Data for Pandas exercises¶

For these, you will be referring to DataFrames instead of tables. The explanation for DataFrames is similar to tables, but other Python objects come into play a lot more frequently.

Run the cell below to load two DataFrames containing more Star Wars data.

### Run Me!!!
char_df = utils.load_object_from_publicdata('char_df')
spec_df = utils.load_object_from_publicdata('spec_df')

Successfully loaded char_df.
Successfully loaded spec_df.

char_df contains character demographic information like their name, species, gender, etc. Character names are distinct.

Nerdy aside that you can skip:
The "year" columns are lacking some information. Years in the fictional universe are relative to the events of the original film. It's similar to the western BC/AD convention. We would not be able to use these columns without a qualifier (otherwise it looks like the "Yoda" character died 892 years before he was born).

display(char_df.head())

spec_df contains summary data on the different species in the Star Wars universe.
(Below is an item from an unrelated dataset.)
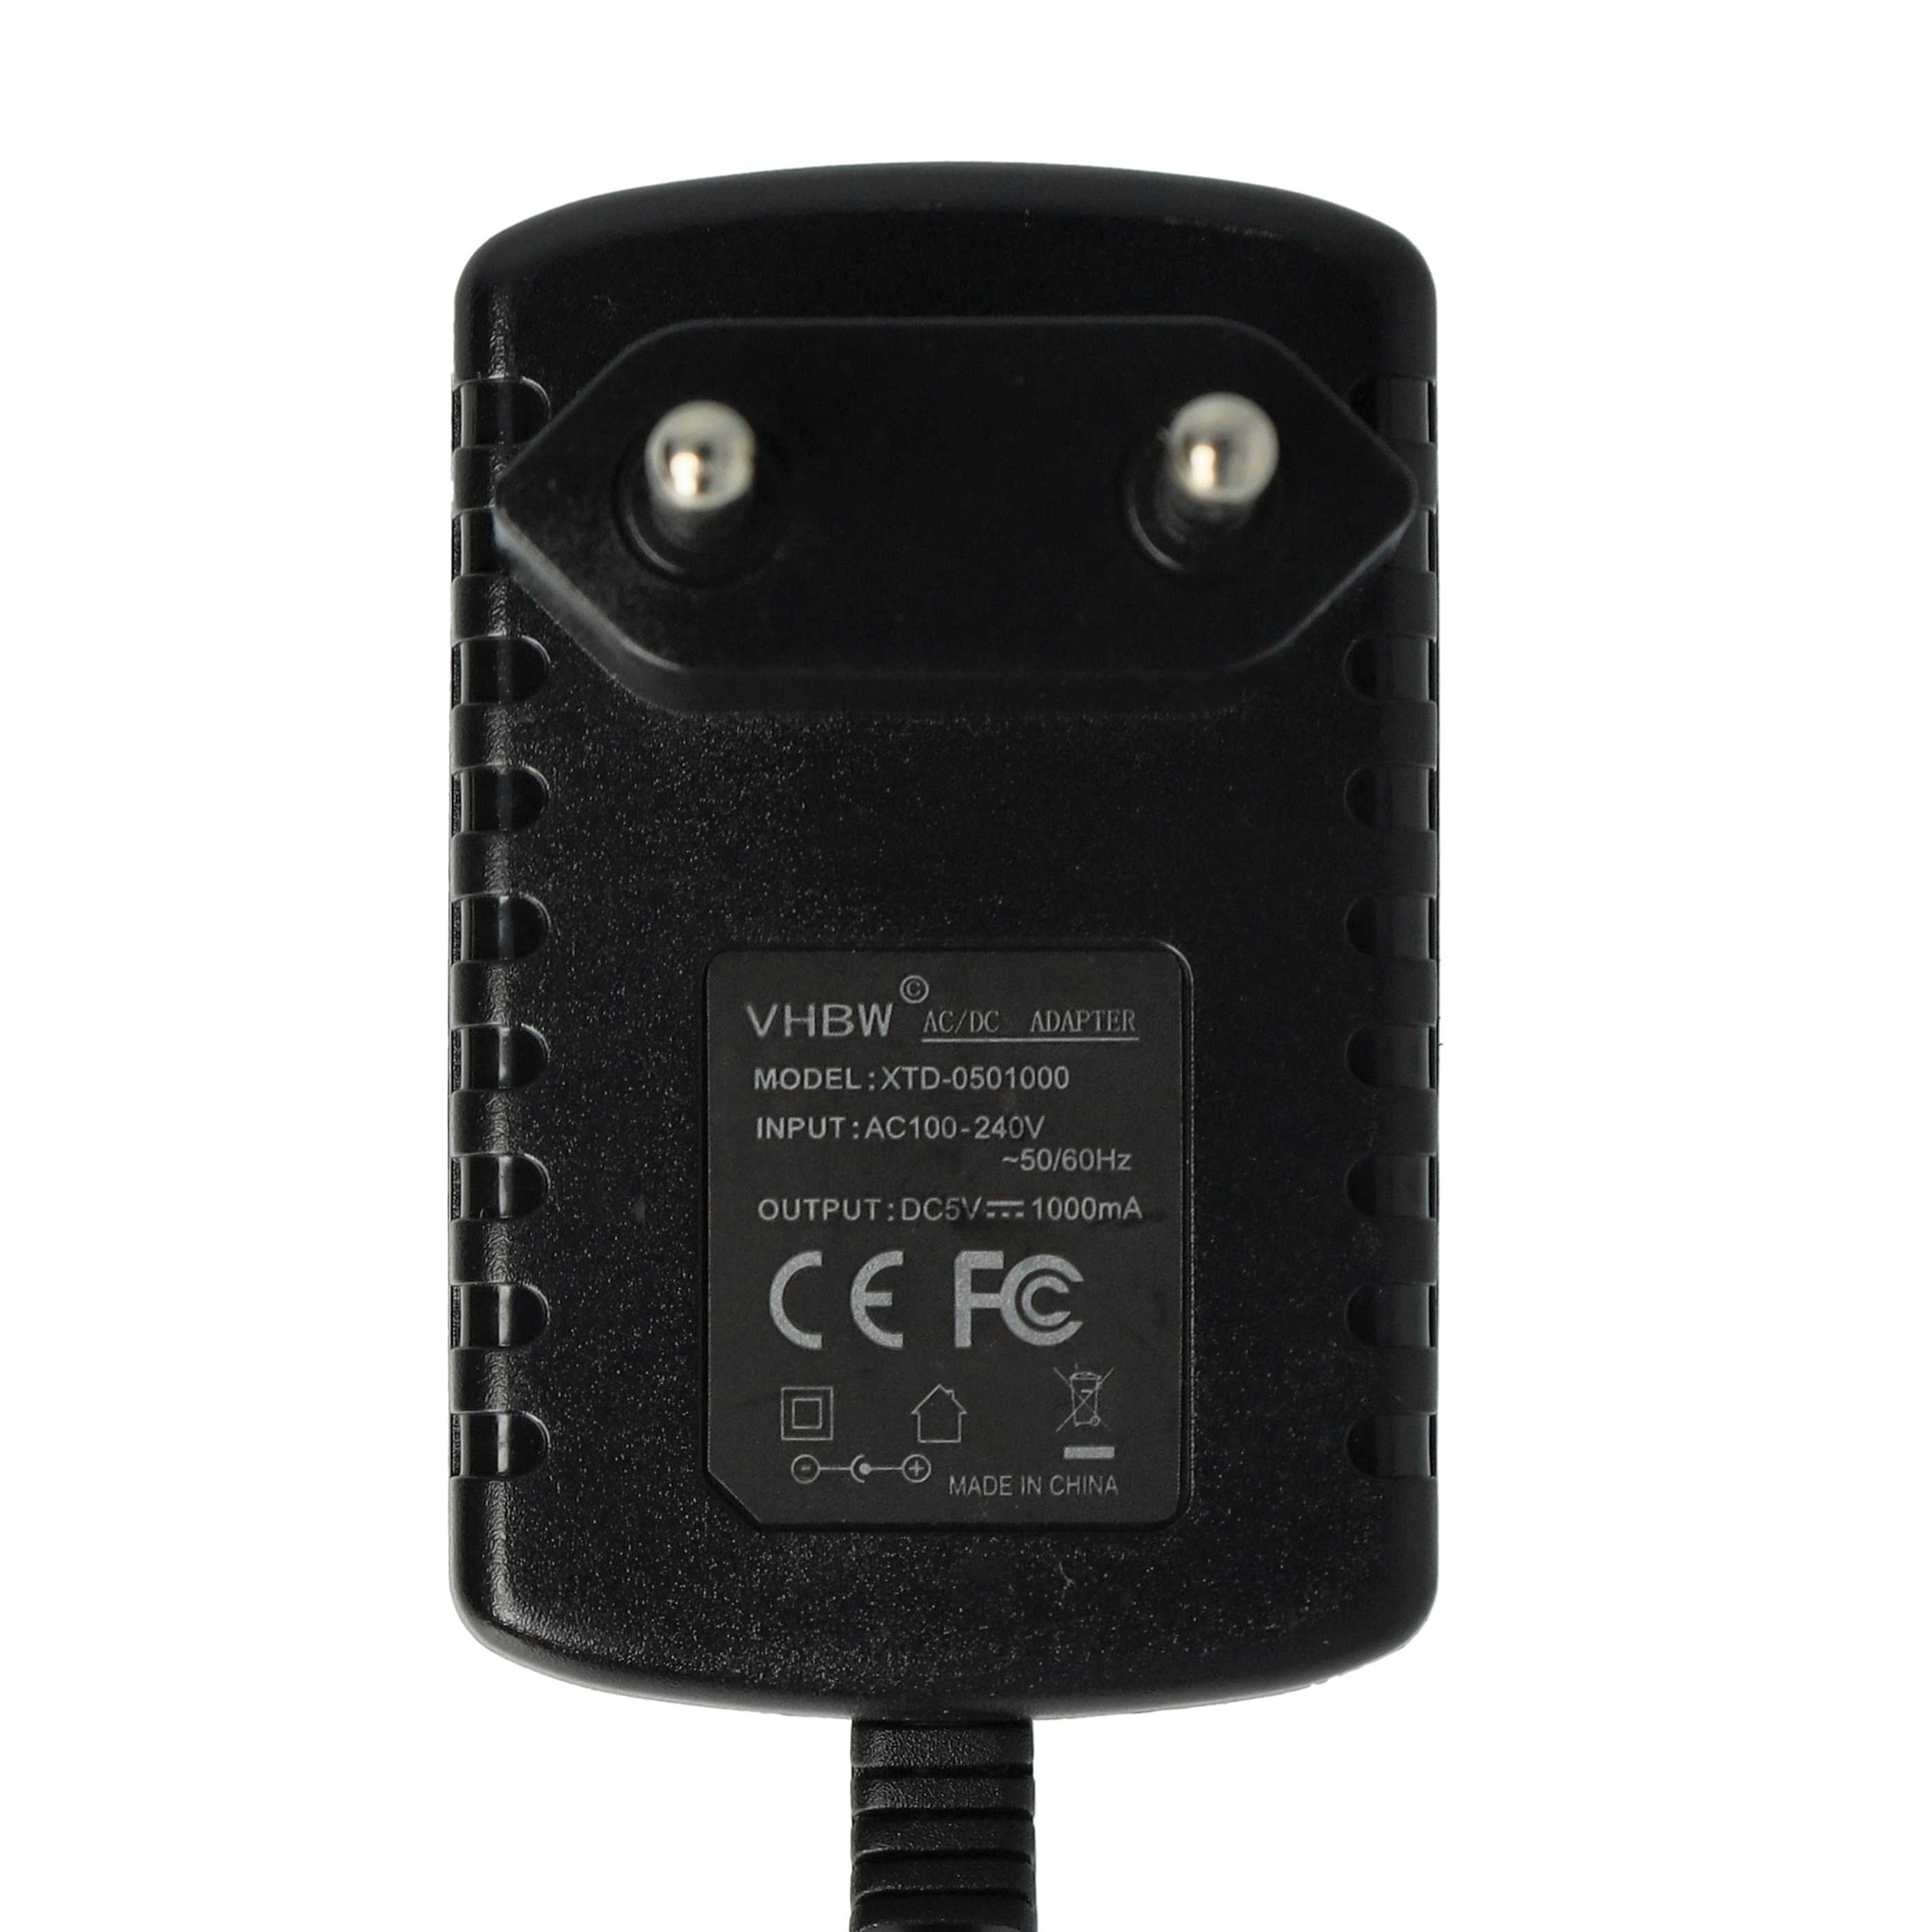 Caricabatterie 110-220 V per Anycool, Samsung D66cellulare ecc

It looks like the name column in this DataFrame is a potential way to link this frame to char_df by way of its species column.

display(spec_df.head())

Pandas exercise format¶

For these, you will be working directly with the Pandas objects to create outputs. This is exactly like what you see in Notebook 7 and whenever tabular data comes from something besides a DB connection.

Possible variations

Literally anything in the course aside from SQLite.

What you won't see

dfs_to_conn - this made an appearance on some prior exams. It leverages an in-memory database connection to read DataFrames into SQLite as tables. You would then be able to write a SQL query to extract it back out again into a DataFrame. The results would often diverge from a pure Pandas implementation in subtle ways due to both conversions relying on deriving things like column types, index types, etc from the data. While the exercises were solvable, the difficulty often depended on which approach students happened to start with more than we like. This utility will not be available for use on future exams, and you should not rely on it. Learn both Pandas and SQLite.

What you should not do

Attempt to create a SQLite connection.

TL;DR¶

Treat these exercises as if SQLite doesn't exist.

Exercise 1: (5 points)¶

species_count

Your task: define species_count as follows:

Determine the count of characters in char_df belonging to each classification in spec_df.

Args:

char_df (pd.DataFrame): contains character data including the 'name' and 'species' columns.
spec_df (pd.DataFrame): contains species data including the 'name' and 'classification' columns.

Returns:

pd.DataFrame: contains the following columns:
- classification (str): species classification. Each row should have a distinct value in this column.
- count (int): count indicating how many characters from the char_df are members of a species with the classification.

Hint:

There is no sorting requirement.
The char_df['species'] column relates to the spec_df['name'] column.
Characters without a corresponding entry in spec_df should not contribute to any count.

### Solution - Exercise 1  
def species_count(char_df, spec_df):
    merged = char_df.merge(spec_df, left_on='species', right_on='name')
    return merged['classification'].value_counts().reset_index().set_axis(['classification', 'count'], axis=1)\
#         .sort_values('classification').reset_index(drop=True) # You can sort differently and still pass!

### Demo function call
display(species_count(char_df, spec_df))

The demo above should display this output.

	classification	count
0	Mammal	74
1	Amphibian	4
2	Artificial	4
3	Reptilian	3
4	Hybrid	3
5	Unknown	1
6	Gastropod	1

Pandas exercise tests¶

These tests are identical to the usual test. The caveat is that DataFrames carry around a lot of attributes that can be sensitive to implementation.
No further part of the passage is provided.